Stored dataset items →
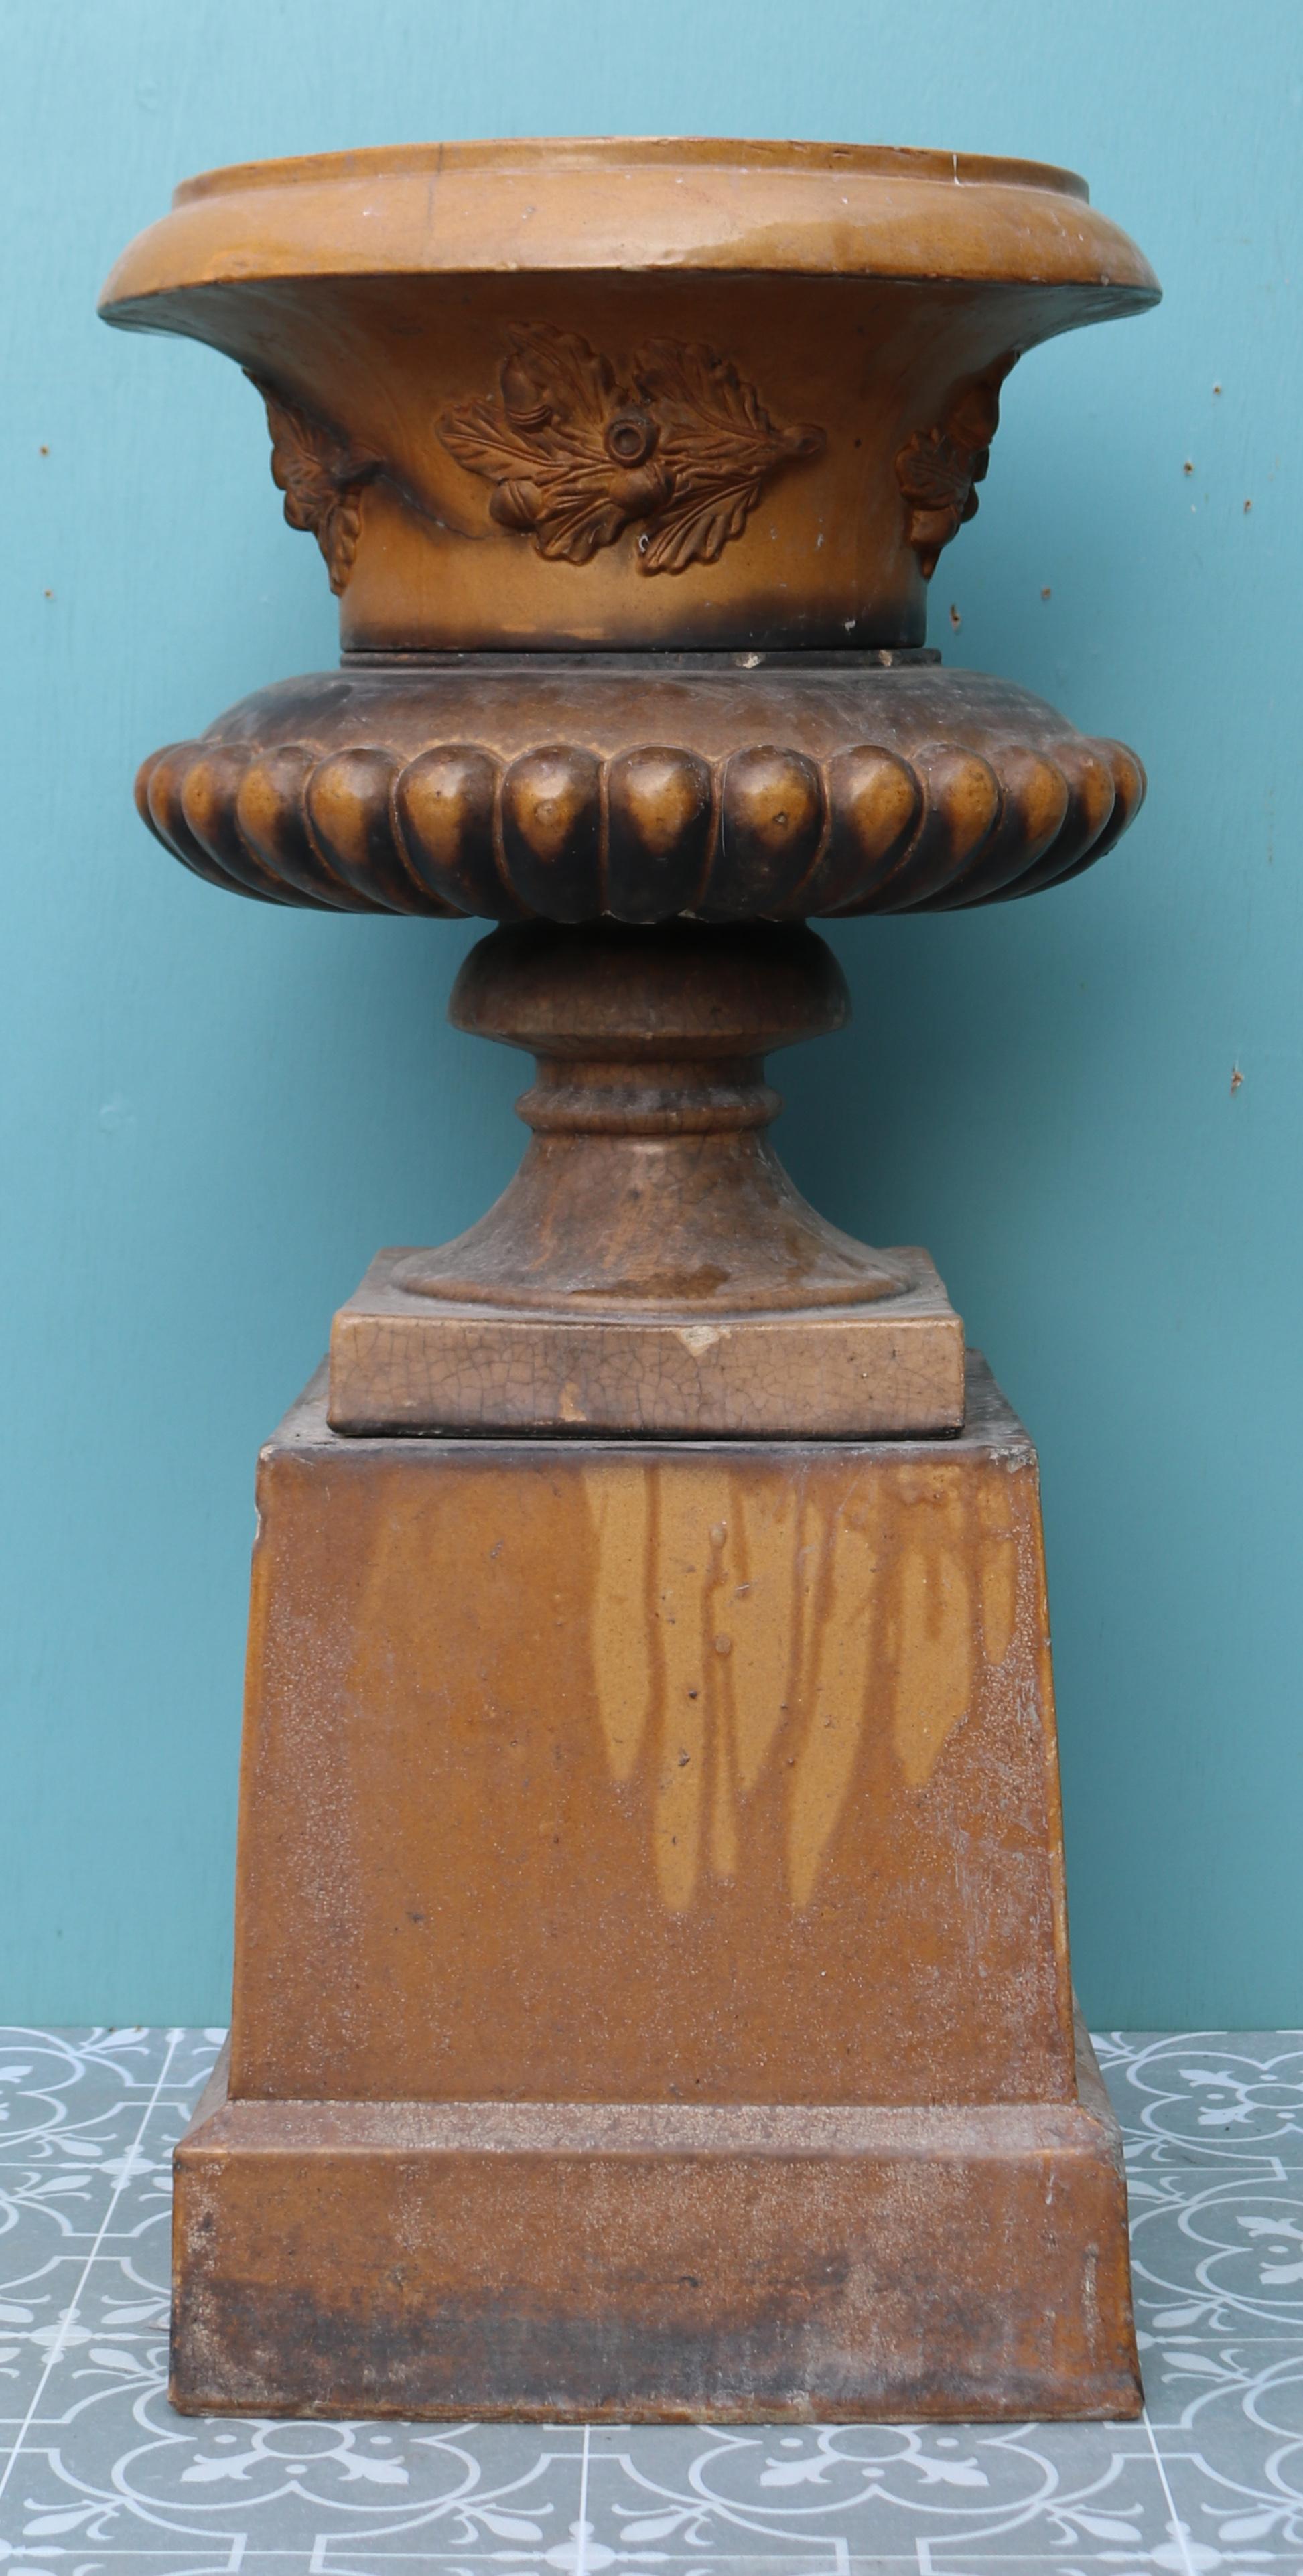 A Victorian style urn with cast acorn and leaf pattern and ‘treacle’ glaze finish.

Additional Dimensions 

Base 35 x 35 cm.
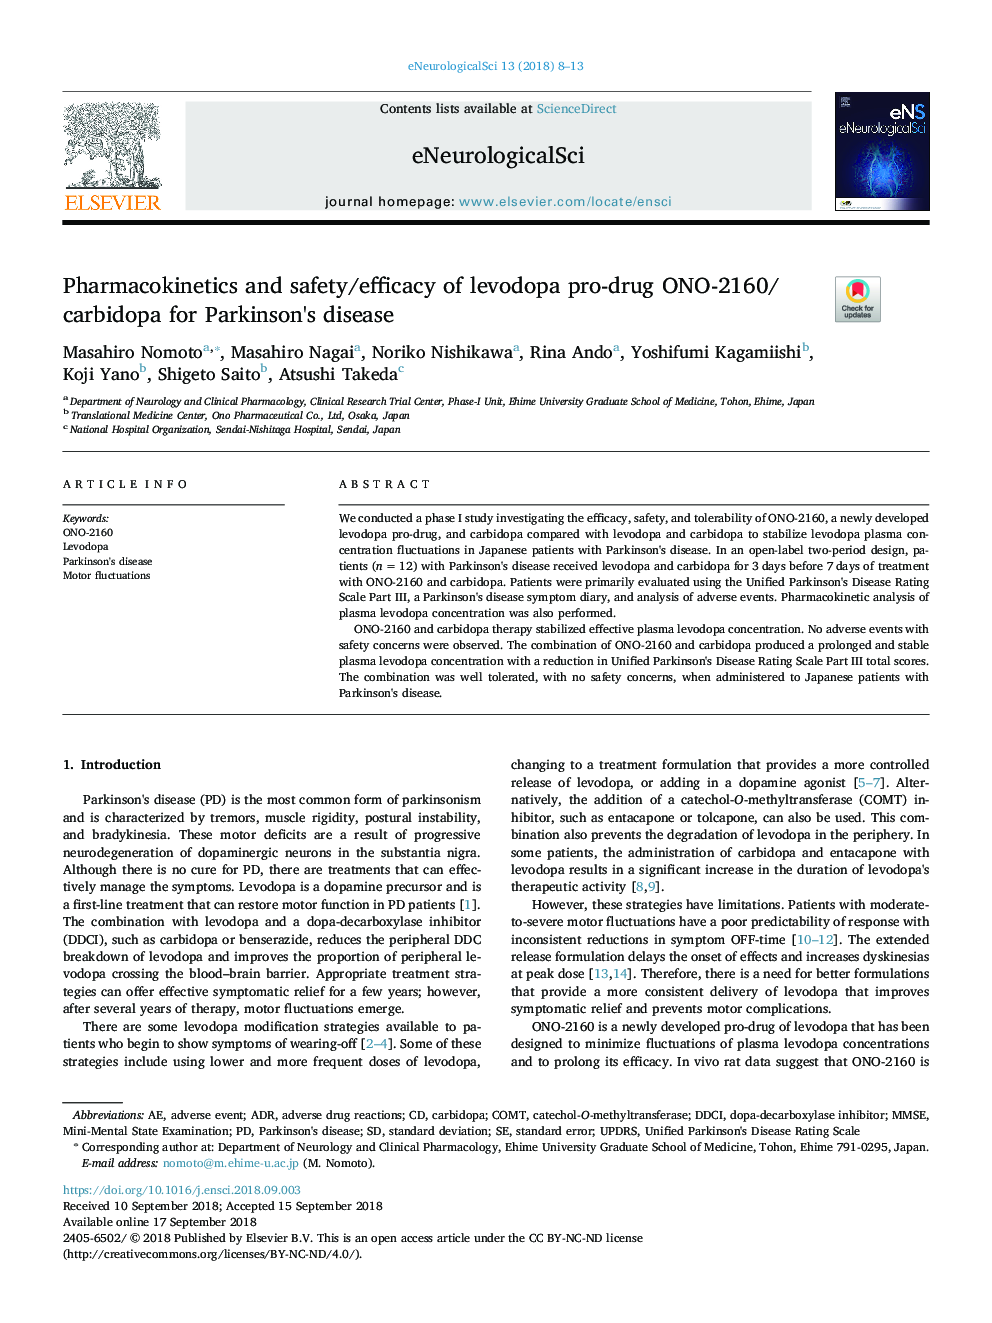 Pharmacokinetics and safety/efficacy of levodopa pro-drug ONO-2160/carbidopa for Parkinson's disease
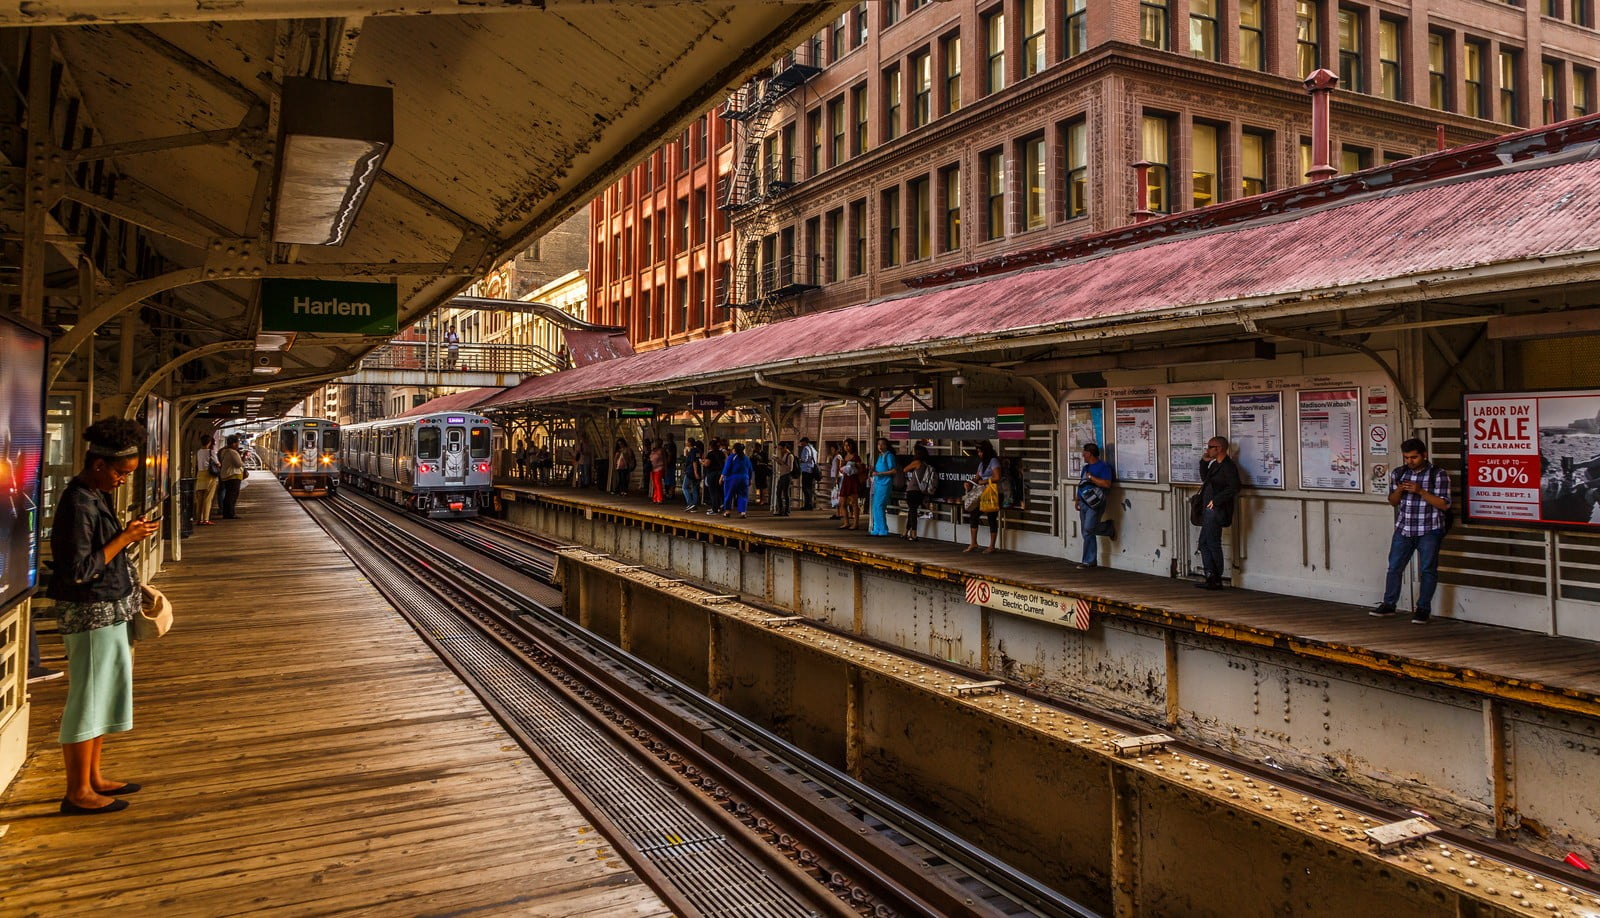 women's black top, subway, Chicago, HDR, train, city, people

Task description → The answer must be the lines above, word for word, from the first one through the line with "Pharmacokinetics and safety/efficacy", pictures excluded.

Solution to this task →
 A Victorian style urn with cast acorn and leaf pattern and ‘treacle’ glaze finish.

Additional Dimensions 

Base 35 x 35 cm.
 Pharmacokinetics and safety/efficacy of levodopa pro-drug ONO-2160/carbidopa for Parkinson's disease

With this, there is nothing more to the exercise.